Burger King and McDonald's serve a different market than Chipotle. Since fast casual restaurants are bringing tremendous growth to the market right now, they incorrectly are used as a standard for all restaurants. On its earnings call, Chipotle's management mentioned that fans were happy to brave rough weather to get to a Chipotle, but McDonald's and Burger King don't expect customers to go "out of their way." Through their thousands of locations, all equipped with a drive-thru, they offer customers convenience first and foremost. In other words, Burger King and McDonald's aren't expecting you to go out of your way for your hash browns and coffee, they're just a ritual on your way to work or soccer practice.

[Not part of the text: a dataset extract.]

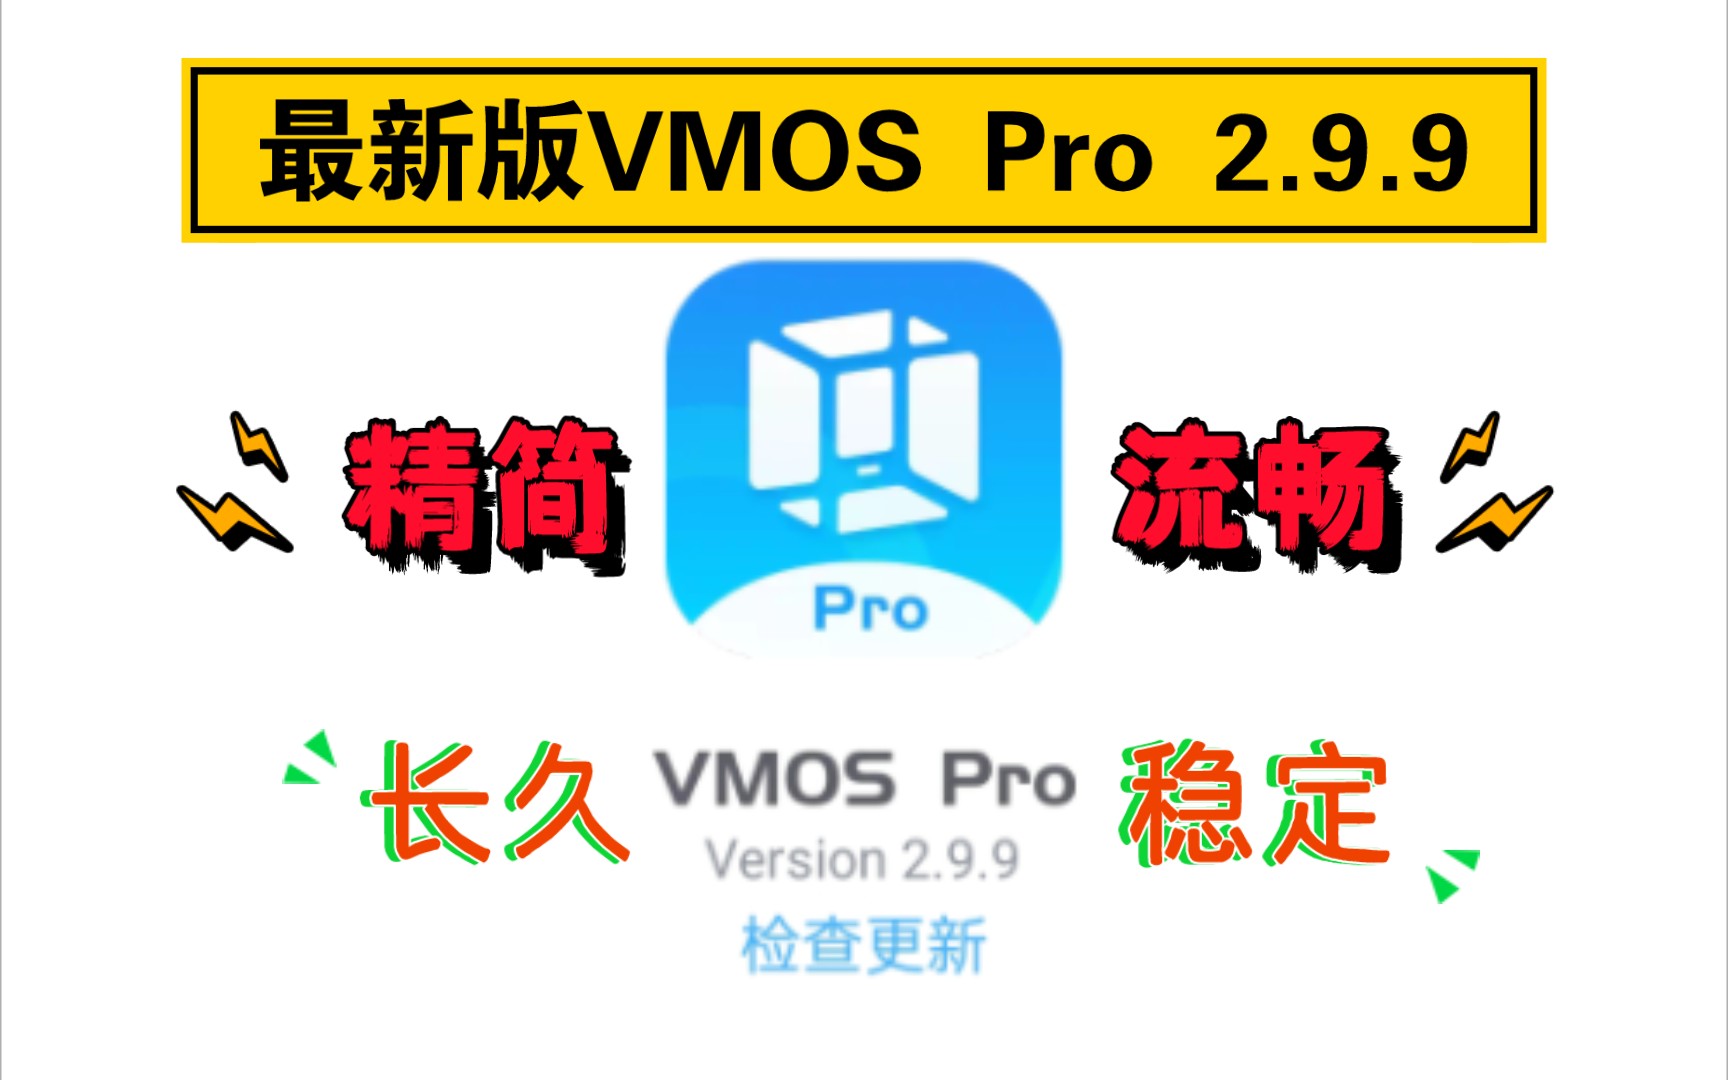 最新版VMOS Pro虚拟机，2.9.9长久版，新增对安卓14的支持。评论区免费获取下载链接
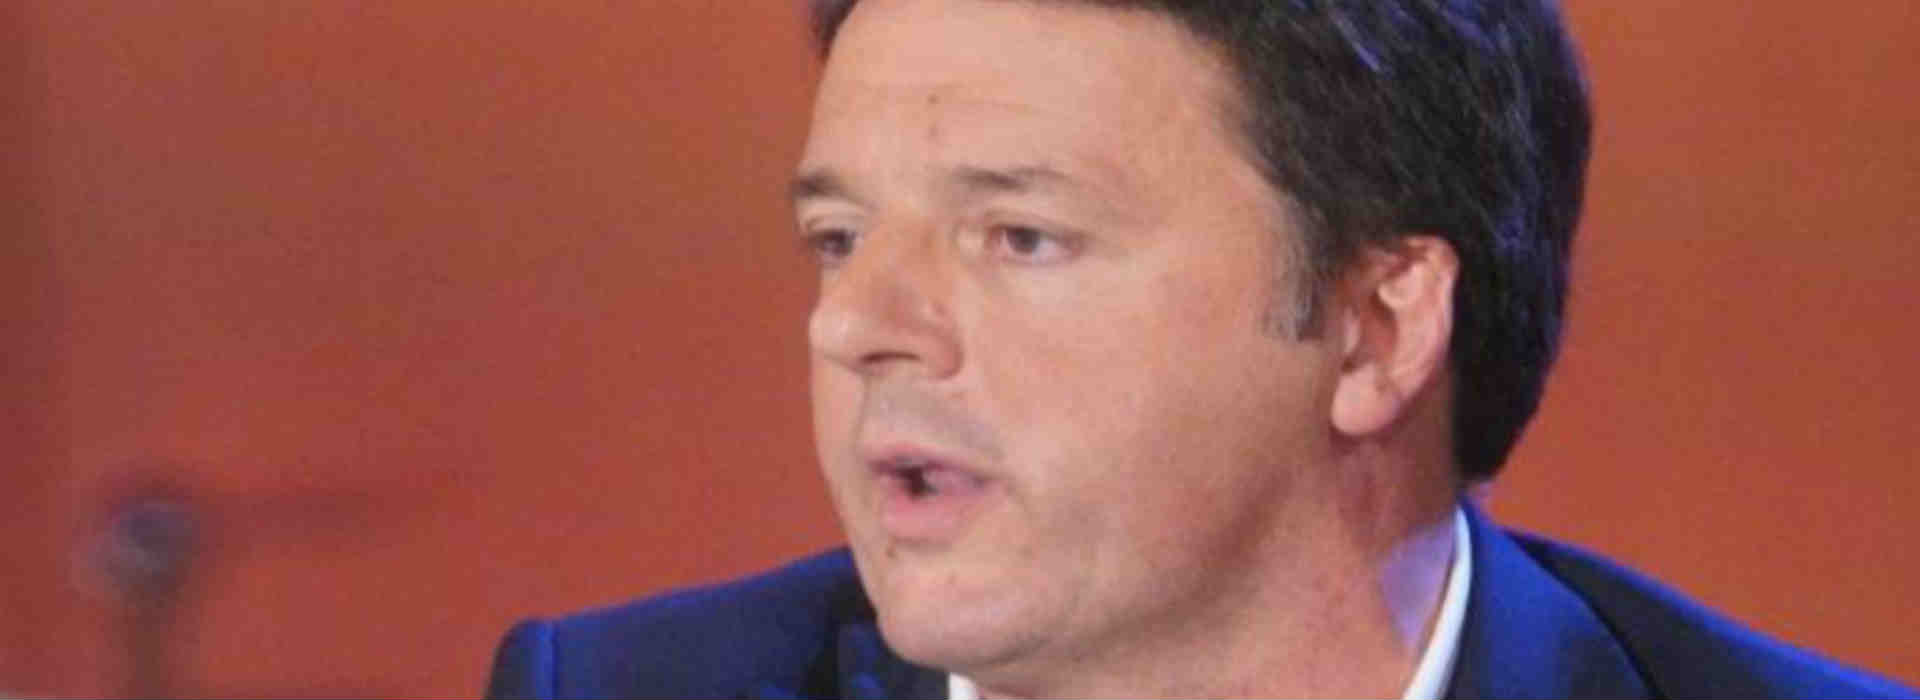 Fondazione Open, Renzi a testa bassa contro i pm: "È intimidazione"

If you skip a trip to McDonald's because work or school are cancelled, you're not going to buy two breakfasts the next day. That's what gives fast food chains a bit of a free pass for the weather as opposed to, say, a grocery store chain. So why has Chipotle, along with a few other premium restaurant brands, defied this trend? Because customers love the food; Chipotle is not a commodity, fast food is.
For the fifth straight year, fast casual lead restaurant growth as the fastest growing subcategory in the highly diverse restaurant industry. The only other segment that fared nearly as well was fine dining simply because both options have food that customers go out of their way for. Fast food stocks were probably affected by the weather which illustrates how little customer loyalty they have. With that in mind, fast food stocks could make sense in a portfolio, but only at a cheap valuation. Any investor valuing restaurant stocks should be considering these growth trends, and the dichotomy in customer loyalty, in their valuation. McDonald's trades at a forward P/E of 16, Burger King at 23, and Chipotle at 31. With a forward P/E at half of Chipotle's, and a plus 3% dividend yield, McDonald's looks fairly valued (given its slow growth), while Burger King seems a little pricey. As always Foolish investors should do their own research before making any investment decisions.